2. Tell your agent exactly what you need: 'Calculate the most efficient route from Point A to B, stopping at C.'
3. The agent calls `optimized_trip_route`, returns a sequenced list of coordinates, and provides the total distance/time.

## Frequently Asked Questions

**Does it return visual maps or raw data?**
Raw structured JSON only — coordinates, distances, durations, and elevation values. No interactive map tiles are rendered. You can use the data to plot maps in your own application.

**Does `optimized_trip_route` solve the Traveling Salesman Problem?**
Yes. Pass an unordered set of coordinates and it returns the optimal visit sequence minimizing total travel time or distance.

**Is there a free tier?**
Yes. Stadia Maps offers a free tier with generous limits for geocoding, routing, and elevation queries. Sign up at stadiamaps.com and generate an API key from the dashboard.

**What format must the coordinates be when calling `calculate_route`?**
You must pass a JSON array of objects, where each object contains latitude and longitude. The tool expects the structure: `[{lat: number, lon: number}, ...]` for all waypoints.

**What happens if I run `forward_geocode` on an address that doesn't exist?**
The call returns a specific API error code and message detailing the failed lookup. Your AI client can then use standard try/catch logic to prompt the user for correction.

**Does `calculate_distance_matrix` have limits on how many locations I can input?**
While there is no hard limit in our documentation, we recommend keeping the number of points under 50 per batch request. Sending too many points will slow down processing.

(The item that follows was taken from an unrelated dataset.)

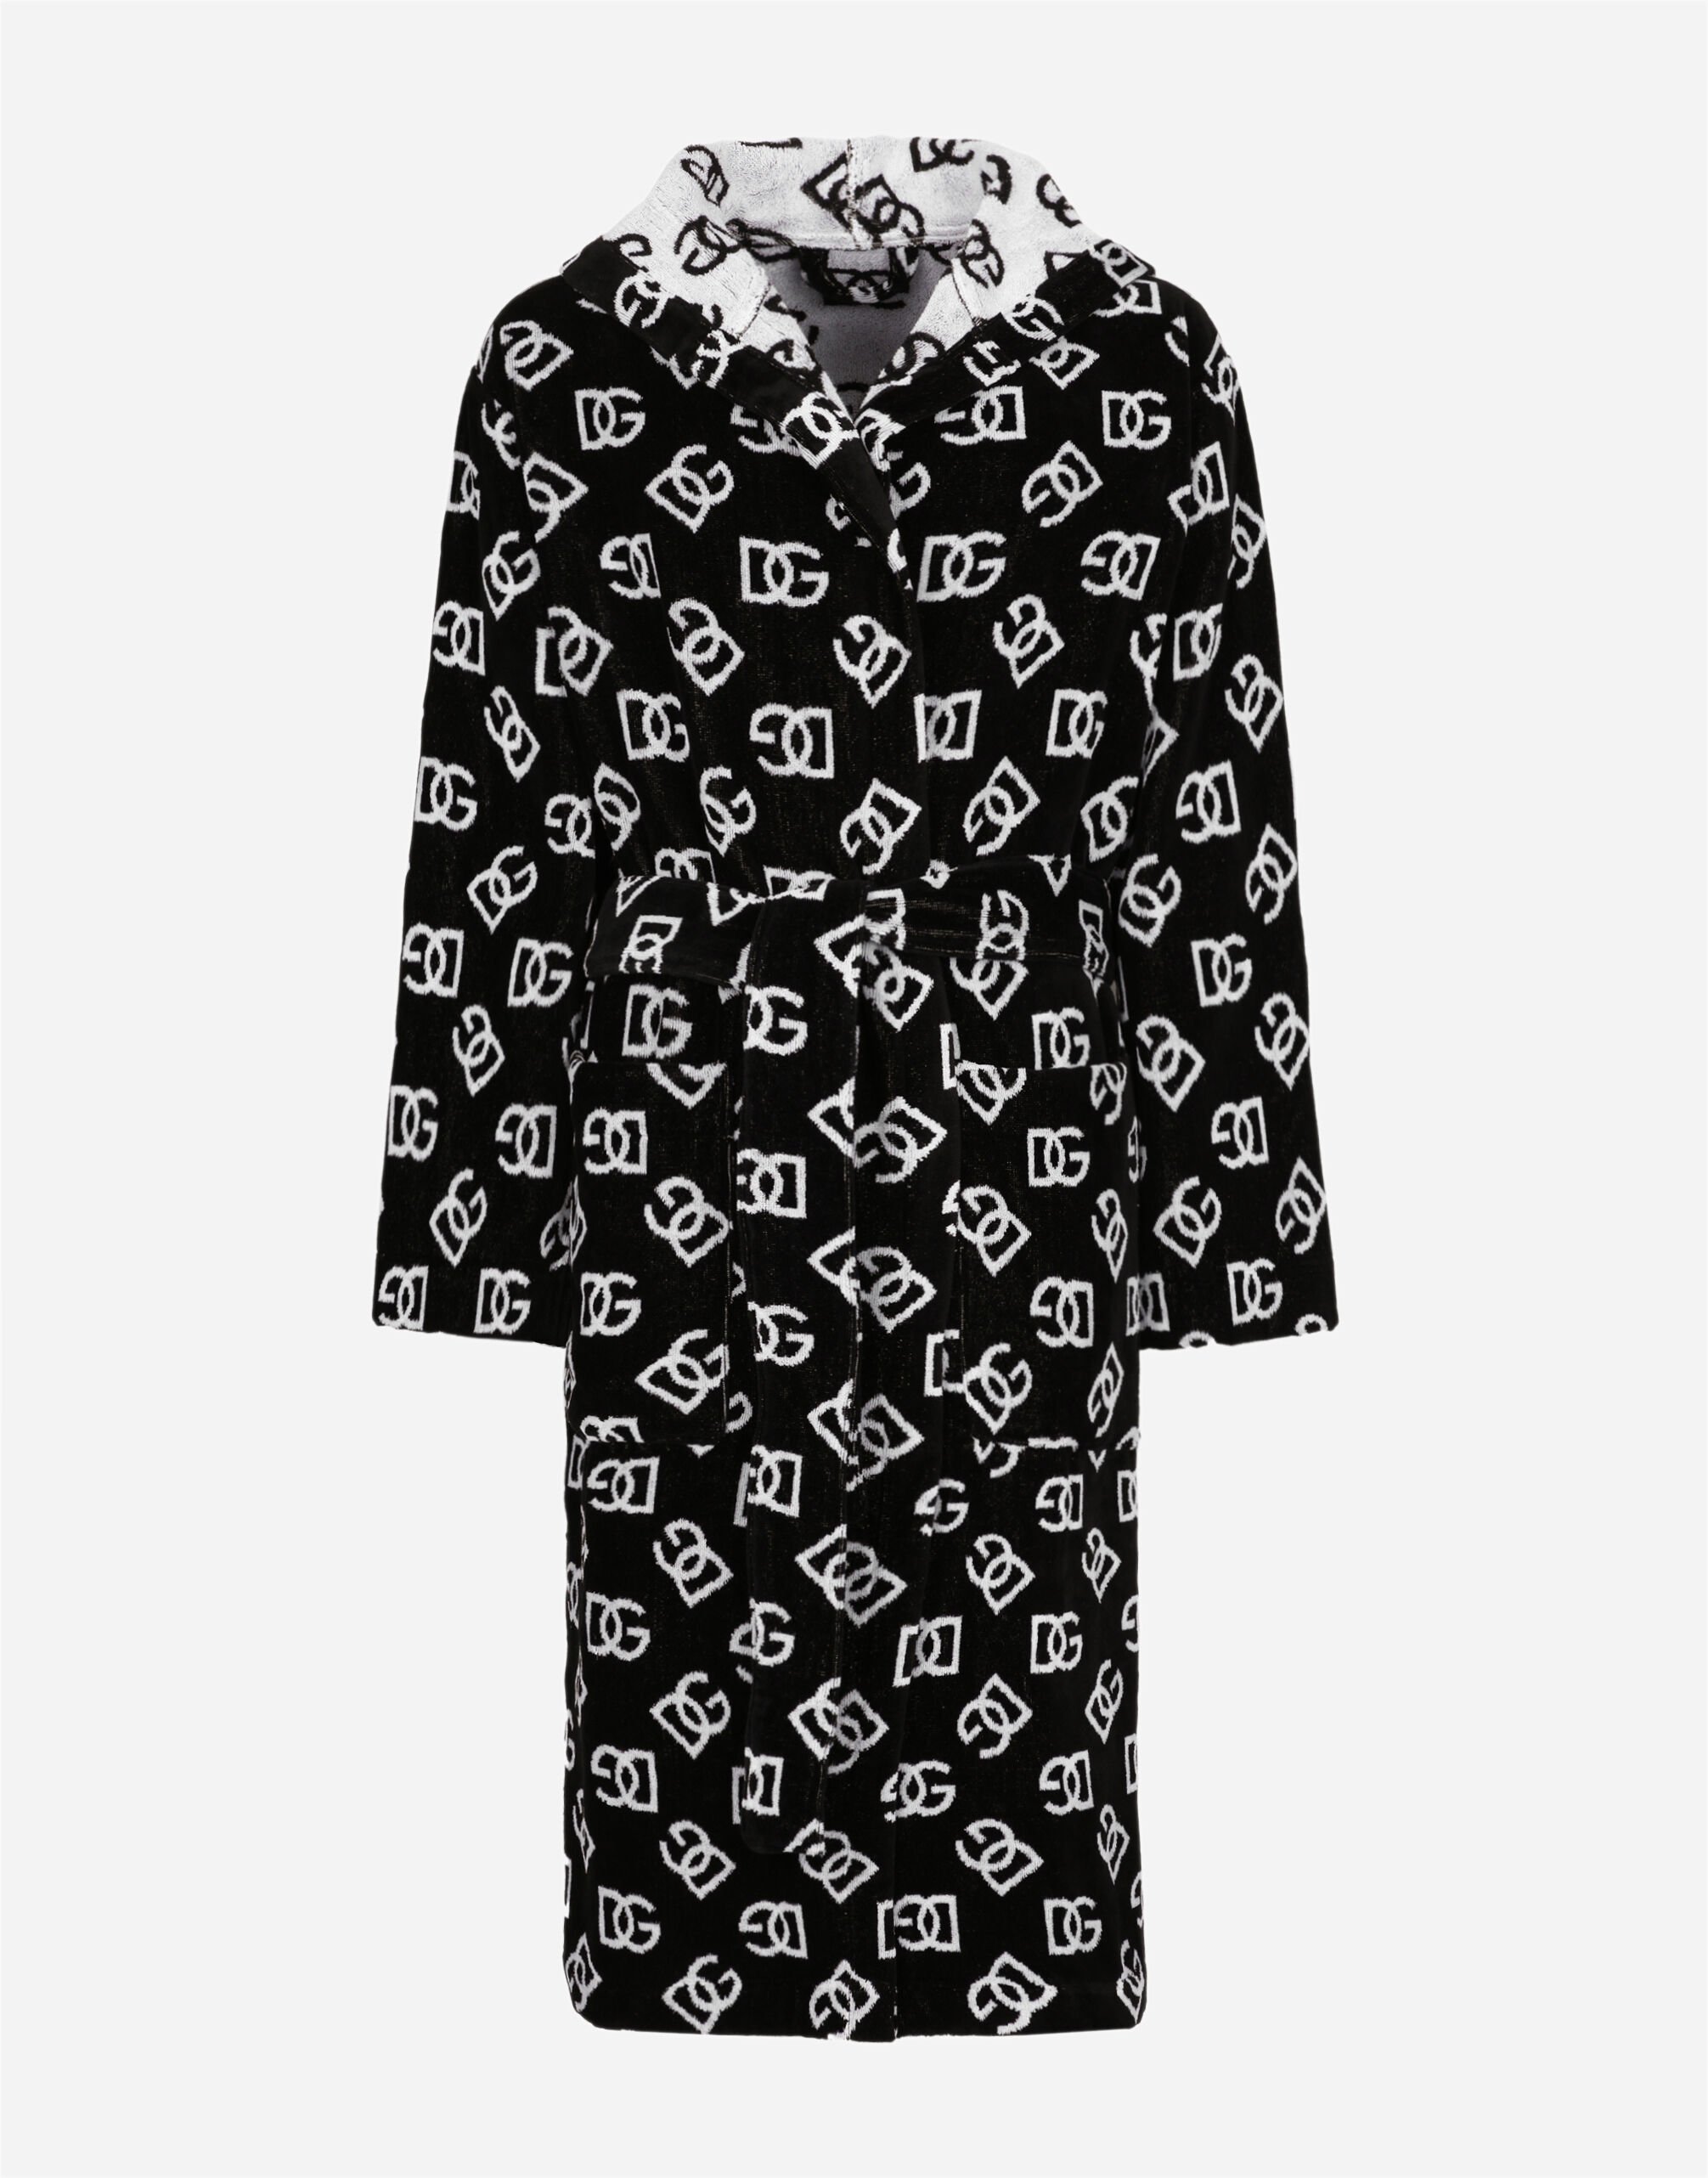 Dolce & Gabbana Bath Robe in Cotton Terry Jacquard Multicolor TC0108TCAK2

**Is the path data fed into `get_path_elevation` required to be pre-matched using a tool like `execute_map_matching`?**
Yes, for accurate elevation readings, the input path should ideally be snapped to the street network. Use `execute_map_matching` first to clean raw GPS points.

**How do I handle API key security when setting up the Stadia Maps MCP Server?**
Always store your Developer API Key as an environment variable, never hardcoding it into client scripts. This keeps sensitive credentials outside of the codebase.